• Work request
Without any of the pictures, transcribe all the lines below exactly.

• Dataset excerpt
* * *
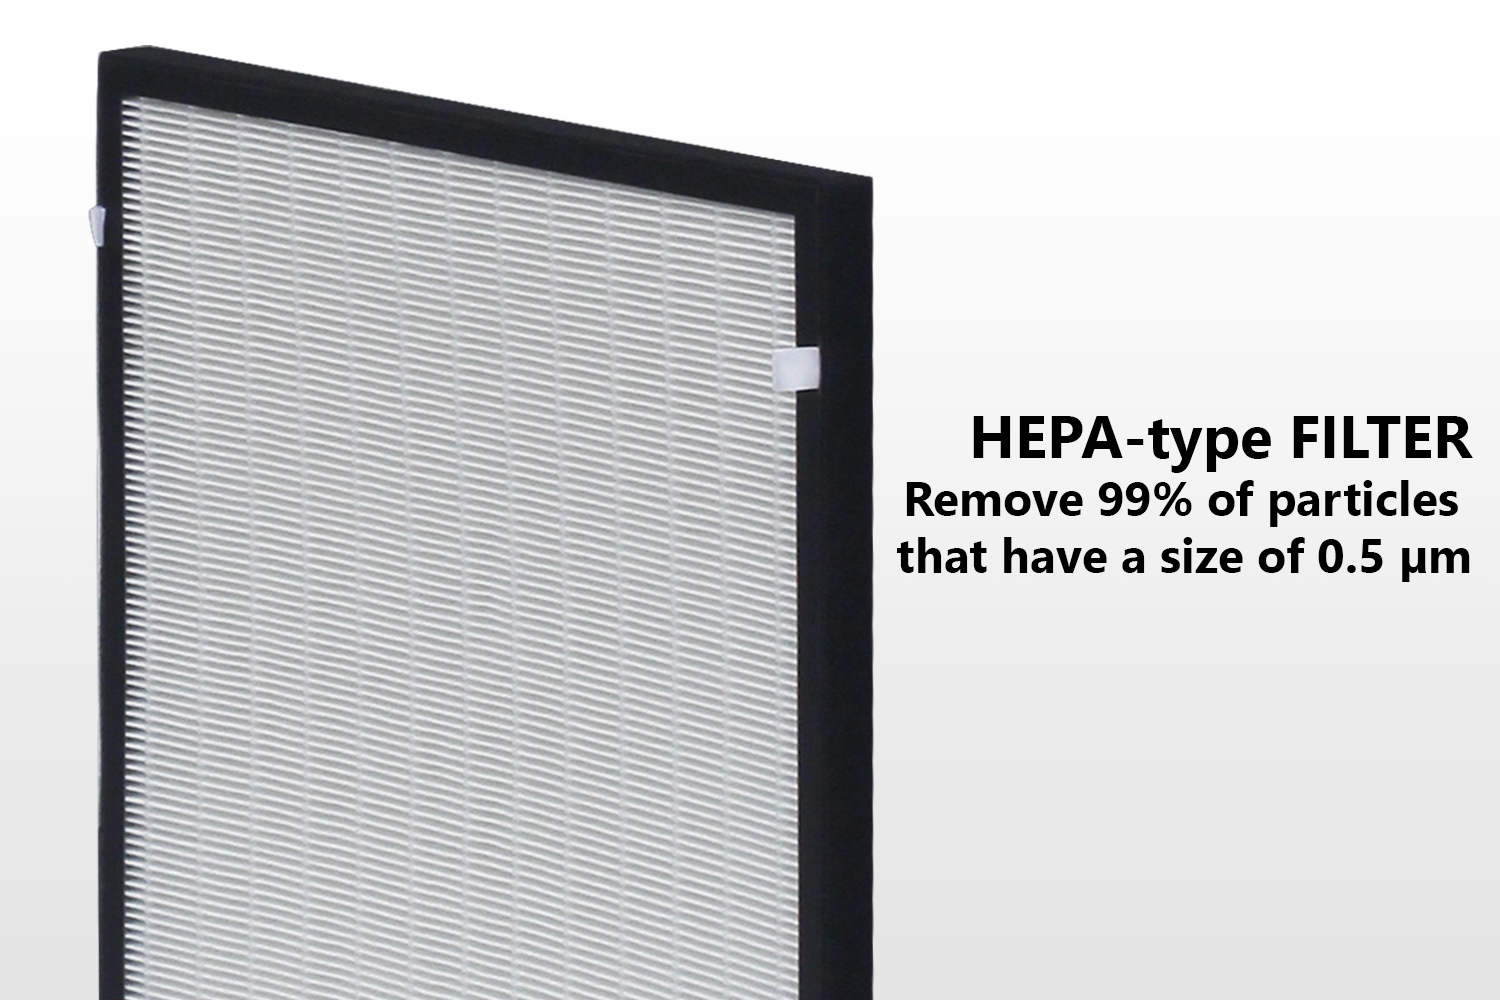 ไส้กรองละเอียด HEPA filter ใช้สำหรับเครื่องฟอกอากศในงานห้องปลอดฝุ่น และห้องปลอดเชื้อ สามารถกรองฝุ่นที่มีความละเอียดสูง ในระดับ PM 2.5 ได้อย่างมีประสิทธิภาพ
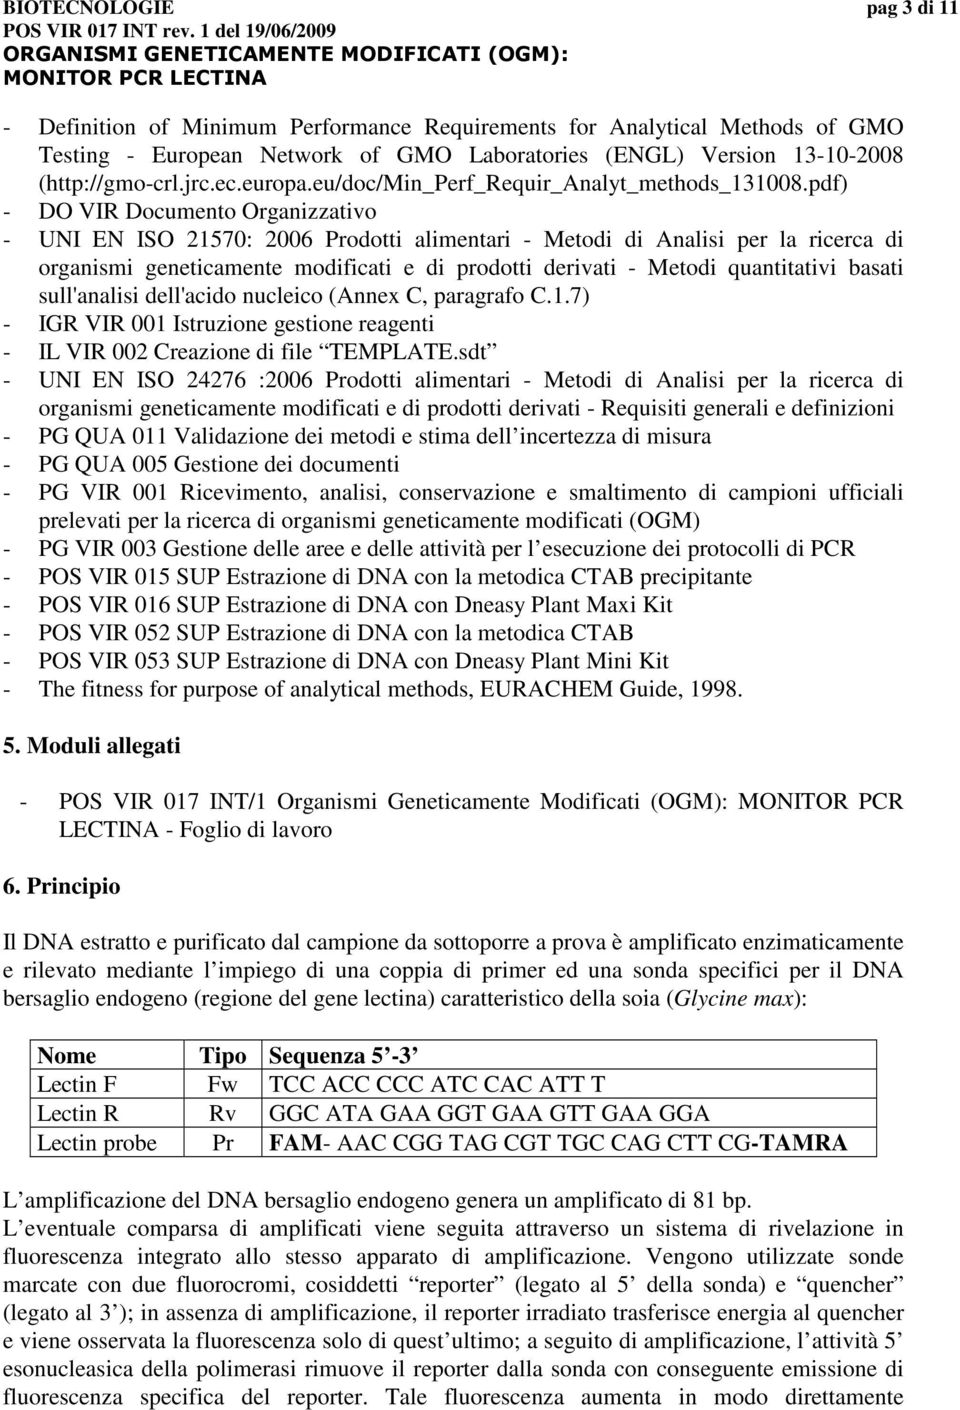 pdf) - DO VIR Documento Organizzativo - UNI EN ISO 21570: 2006 Prodotti alimentari - Metodi di Analisi per la ricerca di organismi geneticamente modificati e di prodotti derivati - Metodi
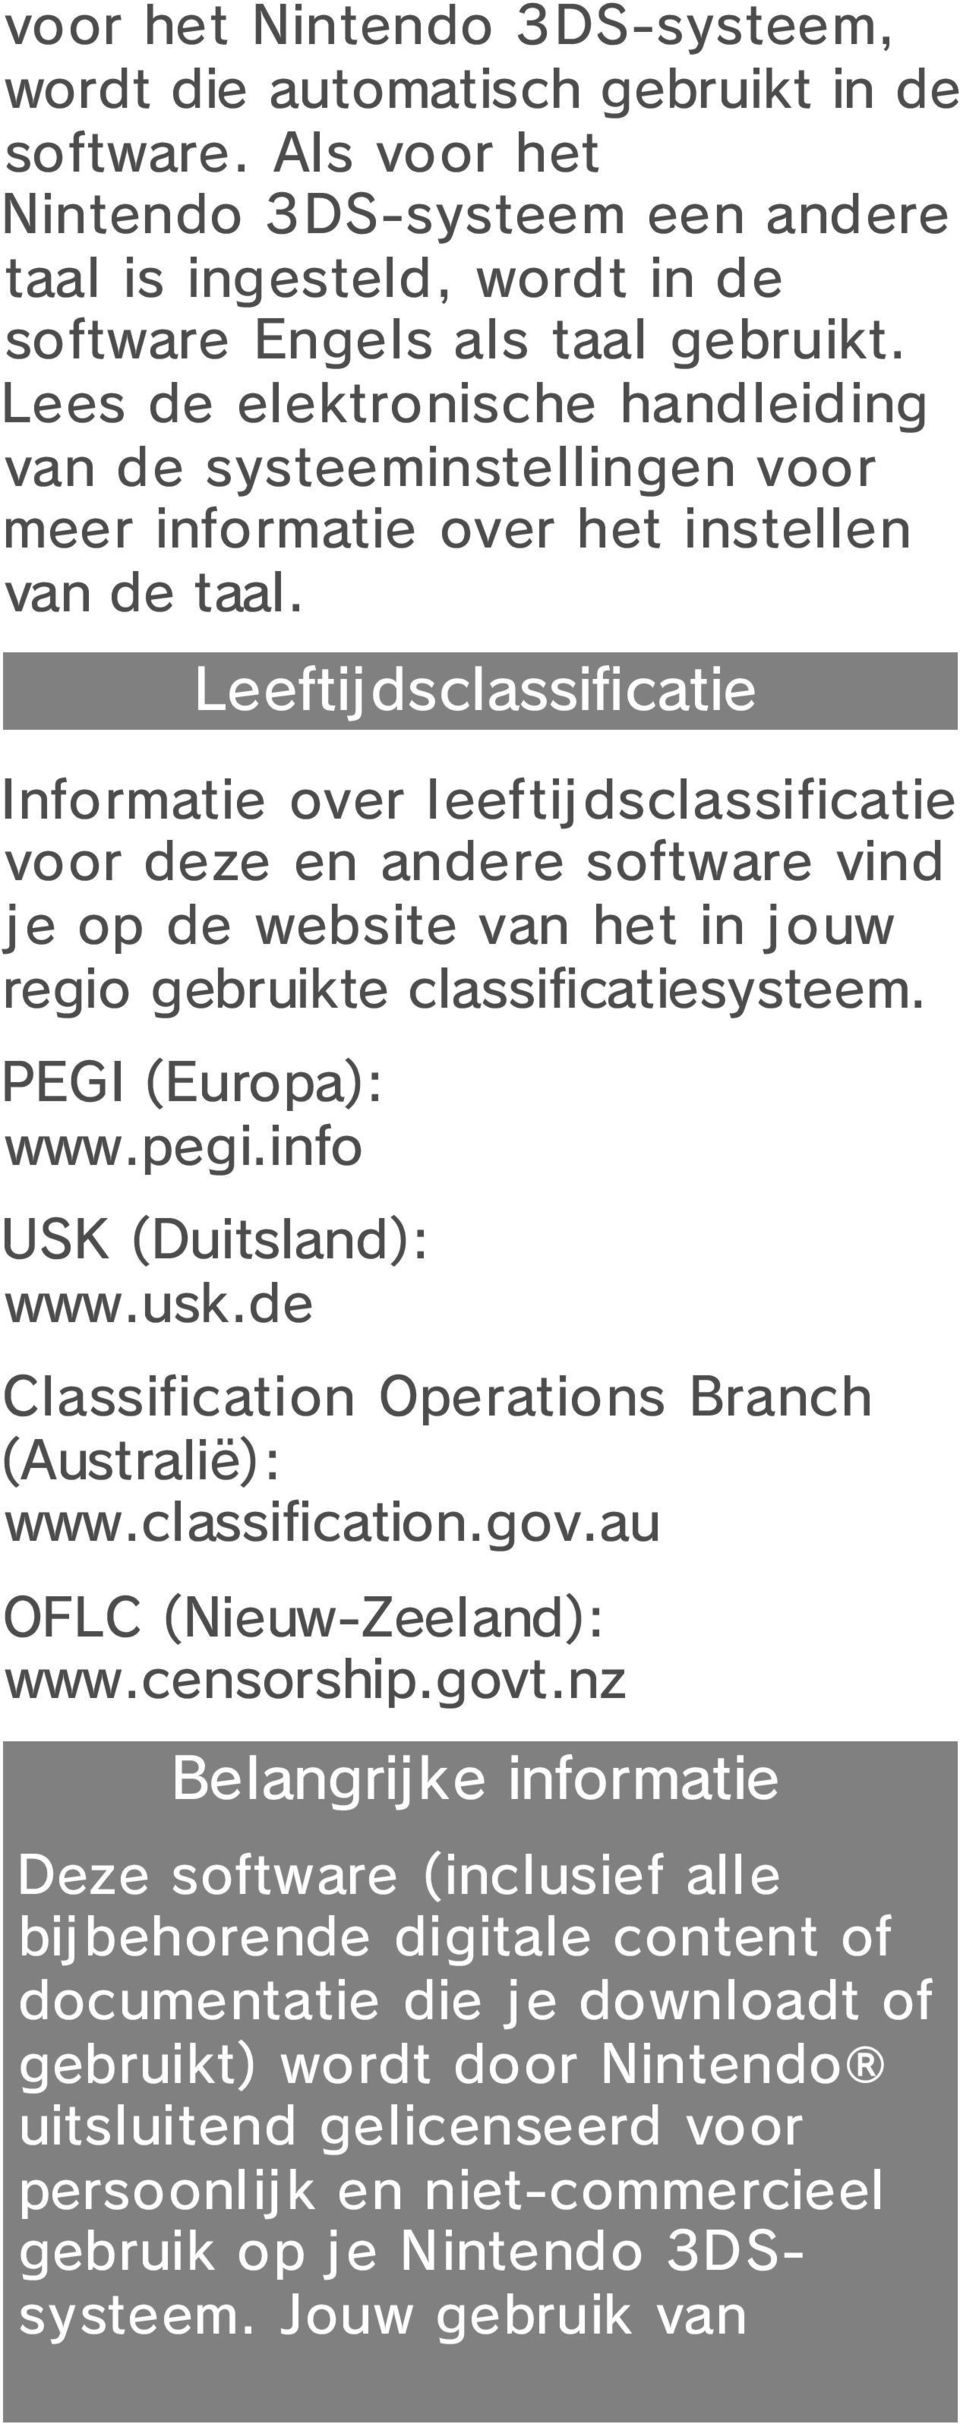 Leeftijdsclassificatie Informatie over leeftijdsclassificatie voor deze en andere software vind je op de website van het in jouw regio gebruikte classificatiesysteem. PEGI (Europa): www.pegi.
* * *
• Response for this exercise
 ไส้กรองละเอียด HEPA filter ใช้สำหรับเครื่องฟอกอากศในงานห้องปลอดฝุ่น และห้องปลอดเชื้อ สามารถกรองฝุ่นที่มีความละเอียดสูง ในระดับ PM 2.5 ได้อย่างมีประสิทธิภาพ
 pdf) - DO VIR Documento Organizzativo - UNI EN ISO 21570: 2006 Prodotti alimentari - Metodi di Analisi per la ricerca di organismi geneticamente modificati e di prodotti derivati - Metodi
 Leeftijdsclassificatie Informatie over leeftijdsclassificatie voor deze en andere software vind je op de website van het in jouw regio gebruikte classificatiesysteem. PEGI (Europa): www.pegi.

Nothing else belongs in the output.